Next, solution A (50 μL) was mixed with two ATP solutions (ATP: 4.0E-13M, 4.0E-12M) (50 μL each) in the wells of a 96-well microplate, and then solution B was further added. (100 μL) was mixed, and the amount of luminescence (CPS / 10) was measured over time. Moreover, Tris-Mg buffer solution (pH 7.4) which does not contain ATP was used as a control, and the same operation was performed for this. For the measurement of luminescence, a Wallac 1420 ARVO _MX multi-label microplate counter manufactured by Perkin-Elmer was used.

  Table 1 shows the change over time in the light emission amount in Example 1. FIG. 2 is a graph showing the change over time of the light emission amount in Example 1.

  As is clear from Table 1 and FIG. 2, in both the ATP solution and the control, only a light emission amount that was so low as to be difficult to distinguish from the dark count of the measuring instrument was measured until 4 to 5 minutes after the start of the reaction. However, over time, the amount of emitted light began to increase geometrically. The amount of luminescence and the amount of increase depended on the amount of ATP (ATP concentration). At 10 minutes after the start of the reaction, even when the initial concentration of ATP was 4.0E-13M, the amount of luminescence was sufficiently large and the difference from the control was also sufficiently large.

(Example 2)
First, two types of ATP solutions (ATP: 4.0E-13M, 4.0E-12M) in which ATP was dissolved in Tris-Mg buffer (pH 7.4) were prepared. Further, a solution C (AMP: 4.0E-5M) in which AMP was dissolved in a Tris-Mg buffer (pH 7.4) was prepared. Furthermore, a solution (polyphosphoric acid: 50 mM) (4.6 μL) of polyphosphoric acid ((PO ₃ ⁻ ) ₆₅ ) (Sodium Phosphate Glass Type 65 manufactured by Sigma) dissolved in Tris-Mg buffer (pH 7.4); A solution (fusion protein: 2.2 mg / mL) (1.8 μL) obtained by dissolving a fusion protein of ADK and PPK in Tris-Mg buffer (pH 7.4) and Lucifer (trademark) 250 plus (93. 6 μL) was prepared to obtain an ATP detection reagent solution comprising polyphosphate, ADK, PPK, luciferin, luciferase, and divalent metal ions. The fusion protein of ADK and PPK was prepared according to the method described in the above literature (Akio Kuroda et al., Biosci. Biotechnol. Biochem., 68 (6), 1216-1220 (2004)).

Next, after mixing two kinds of ATP solutions (ATP: 4.0E-13M, 4.0E-12M) (each 50 μL) in a well of a 96-well microplate, solution C (50 μL) was further added to solution D. (100 μL) was mixed, and the amount of luminescence (CPS / 10) was measured over time. Moreover, Tris-Mg buffer solution (pH 7.4) which does not contain ATP was used as a control, and the same operation was performed for this. For the measurement of luminescence, a Wallac 1420 ARVO _MX multi-label microplate counter manufactured by Perkin-Elmer was used.

  Table 2 shows the change over time in the light emission amount in Example 2. FIG. 3 is a graph showing the change over time of the light emission amount in Example 2.

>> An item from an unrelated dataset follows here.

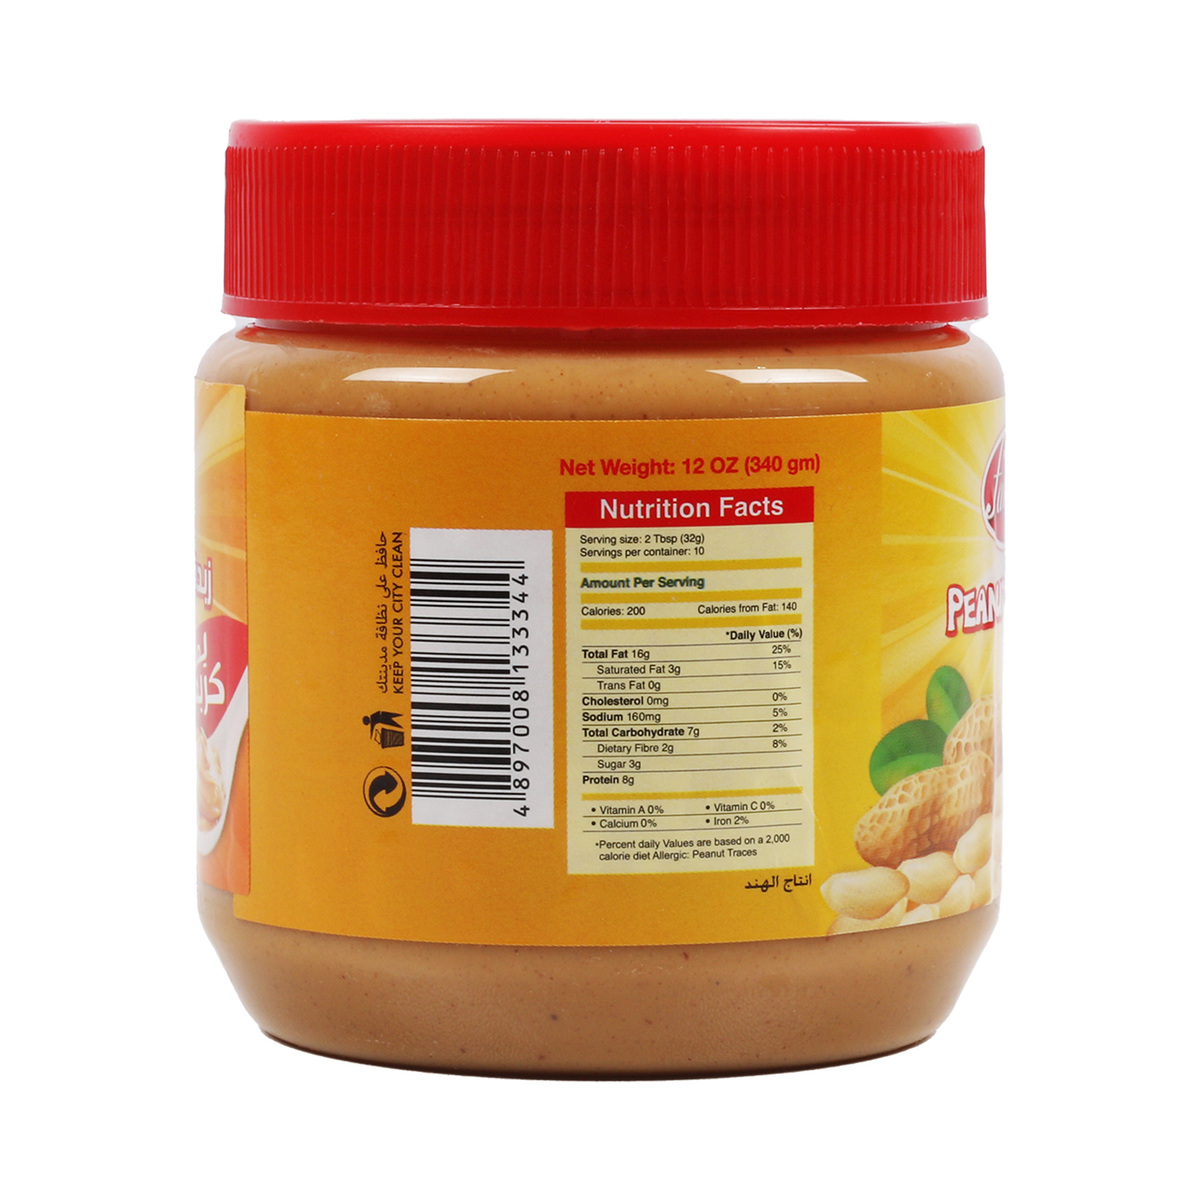 Family Creamy Peanut Butter Value Pack 2 x 340g

  As is clear from Table 1 and FIG. 2, in both the ATP solution and the control, only a light emission amount that was so low as to be difficult to distinguish from the dark count of the measuring instrument was measured until 4 to 5 minutes after the start of the reaction. However, over time, the amount of emitted light began to increase geometrically. The amount of luminescence and the amount of increase depended on the amount of ATP (ATP concentration). At 10 minutes after the start of the reaction, even when the initial concentration of ATP was 4.0E-13M, the amount of luminescence was sufficiently large and the difference from the control was also sufficiently large.

(Example 3)
First, an ATP solution (ATP: 4.0E-13M) in which ATP was dissolved in Tris-Mg buffer (pH 7.4) was prepared. Further, AMP and polyphosphoric acid ((PO ³⁻ ) ₆₅ ) (Sodium Phosphate Glass Type 65 manufactured by Sigma) dissolved in Tris-Mg buffer (pH 7.4) (AMP: 4.0E-5M; polyphosphorus) Acid: 2 mM). Further, ADK and PPK fusion protein, luciferin and luciferase (luciferase recombinant manufactured by Wako Pure Chemical Industries, Ltd.) dissolved in Tris-Mg buffer (pH 7.4) (fusion protein: 40 μg / mL; luciferin: 2.7 μM; luciferase: 0.45 μg / mL) was prepared to obtain a solution of an ATP detection reagent comprising ADK, PPK, luciferin, luciferase and divalent metal ions. The fusion protein of ADK and PPK was prepared according to the method described in the above literature (Akio Kuroda et al., Biosci. Biotechnol. Biochem., 68 (6), 1216-1220 (2004)).

  Next, after the solution A (100 μL) was mixed with the ATP solution (ATP: 4.0E-13M) (100 μL) in an Eppendorf tube, the solution E (200 μL) was further mixed. After mixing the solution E with the mixed solution of the ATP solution and the solution A, 10 μL of the mixed solution is taken into a Lumi tube every minute and further mixed with Kikkoman's Lucifer® 250 Plus (50 μL). The light emission amount (RLU) was measured. Moreover, Tris-Mg buffer solution (pH 7.4) which does not contain ATP was used as a control, and the same operation was performed for this. Lumitester C-1000 manufactured by Kikkoman Corp. was used for the measurement of the amount of luminescence.

  Table 3 shows the change over time of the light emission amount in Example 3. FIG. 4 is a graph showing the change over time of the light emission amount in Example 3.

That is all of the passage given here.